Experiments in generalization may also be used to evaluate the quality of an alignment. Since prokaryotic SSU generalized to eukaryotic SSU better than eukaryotic to prokaryotic (Table 3), we may posit that the prokaryotic SSU alignment is more consistent. Likewise for the combined SSU data over the LSU data. The accuracy of the neural network in predicting base-pairing is dependent on the quality of the multiple alignment and its sequence content. As multiple alignments improve and more sequences become available, we expect to observe better prediction of eukaryotic SSU and combined LSU data by the neural net.
High weights given to pairs with the 'N' character in prokaryotic SSU experiments may be caused by the comparatively low counts for pairs with the 'N' character. If these count inputs are consistently small but provide useful evidence, they should be weighted strongly such that the product w_ij multiplied by c_ij is comparable to other count-weight products. This argument may also be extended to why canonical pairs were not always weighted highest: since the input signal was already strong, not much amplification by the corresponding weight was necessary. After the first few training sessions, mutual information and canonical base pairs provided most of the evidence in the best networks. However, extended training sought subtle distinctions between inputs to improve classification accuracy. In many cases this resulted in noncanonical base pairs being weighted as positive evidence. Experimental evidence verifies that noncanonical base-pairing does influence higher order structure (Gutell et al. 1990, Holbrook et al. 1991). Occasionally even canonical base pairs were weighted negatively, particularly U/A.

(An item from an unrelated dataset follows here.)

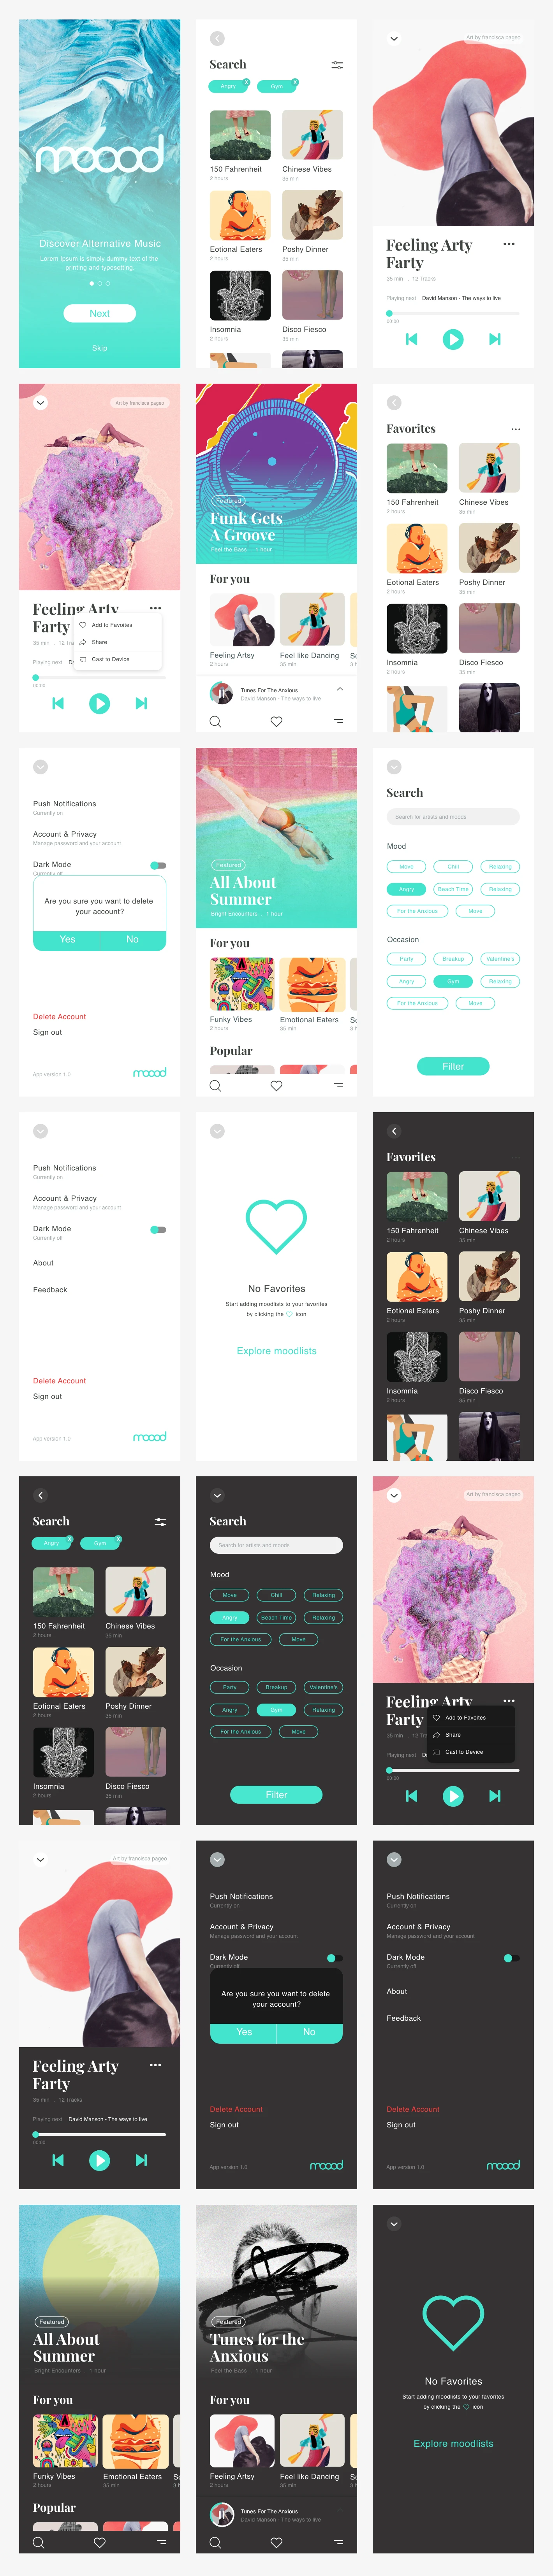 Moood Music App UI Kit for Adobe XD - A simple music and playlist kit made for Adobe XD. This UI Kit contains both light and dark version.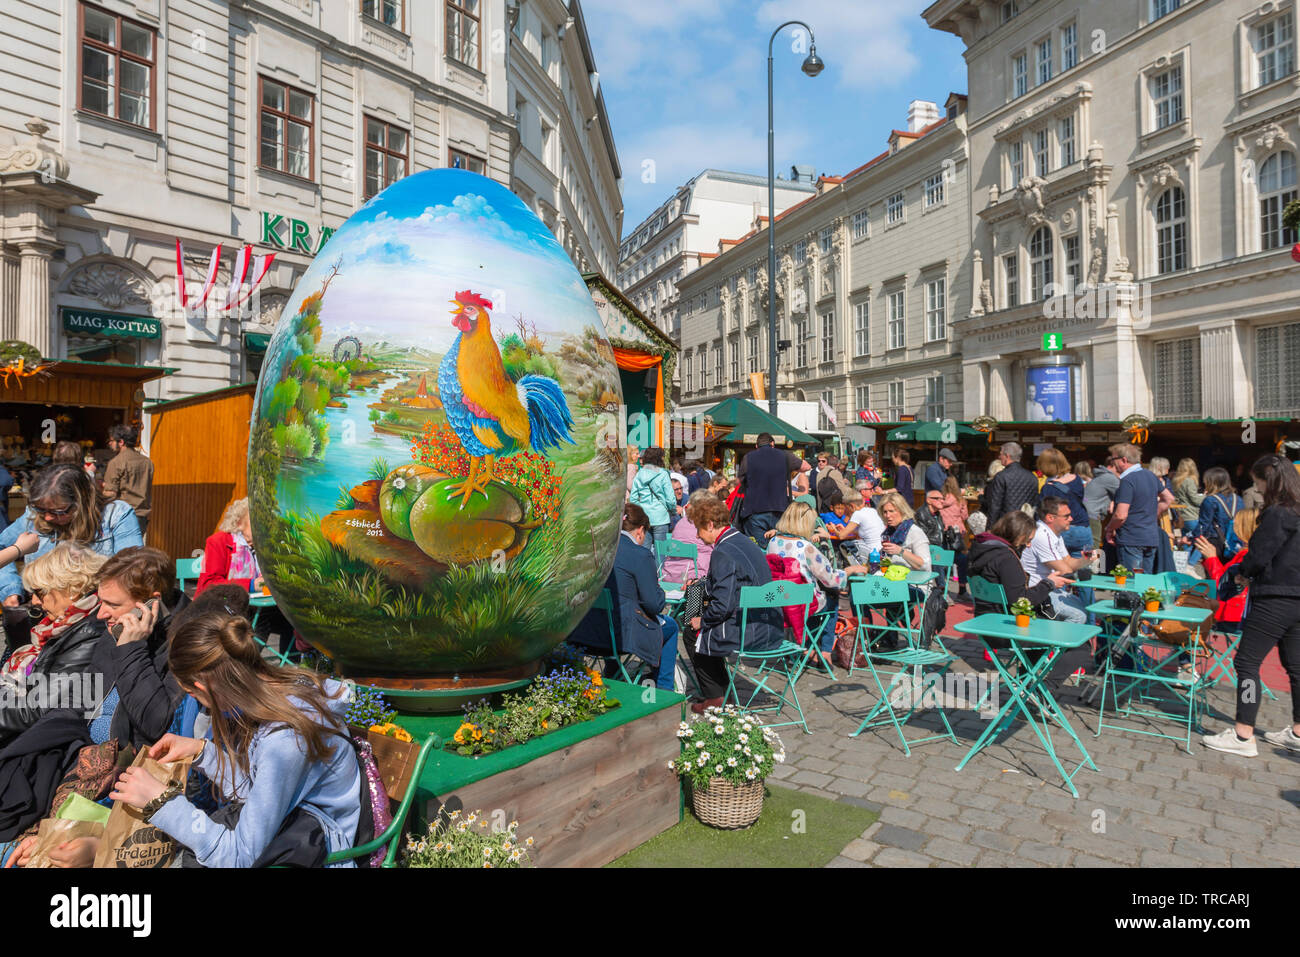 Vienna Easter Market, view of people sitting at cafe tables in the Easter Market in Am Hof in the centre of the city of Vienna, Wien, Austria. Stock Photo

It is conceivable that some false-positives in the experiments could be representative of tertiary structure. Implementing this neural net method to predict the known two- and three-dimensional structure of tRNA could verify its ability to predict tertiary structure in other macromolecules. Gutell, Noller and Woese (1986) have stated that considerable evidence must support claims of tertiary interactions. Although a 96% accurate classifier is not sufficient to filter through the millions of NBP positions in macromolecules the size of SSU rRNA, it might be used to target likely base pairs crucial to tertiary structure.
Perhaps the most effective use of the neural network method is to import its learned weights into other algorithms for determining structure. The simple calculation using input counts contributes a very low computational overhead and has proven to be reliable and robust. In other work these learned weights were incorporated into a program that identifies secondary structure in SSU and LSU rRNA with excellent results (Grate, 1995).
Acknowledgments
Many thanks are accorded to Leslie Grate for providing software to generate count files, as well as helping with other essential tasks. Bryn Weiser's program xRNA generated the E. coli secondary structure graph in Figures 5 and 7. Brad Gulko, Mark Herbster, Rodrigo Garces, and David Konerding also provided assistance at various stages in the project.
1 The random set of pairs excluded those known to base-pair. All data, both base-paired and non-base-paired, are taken in sequence order (5' to 3').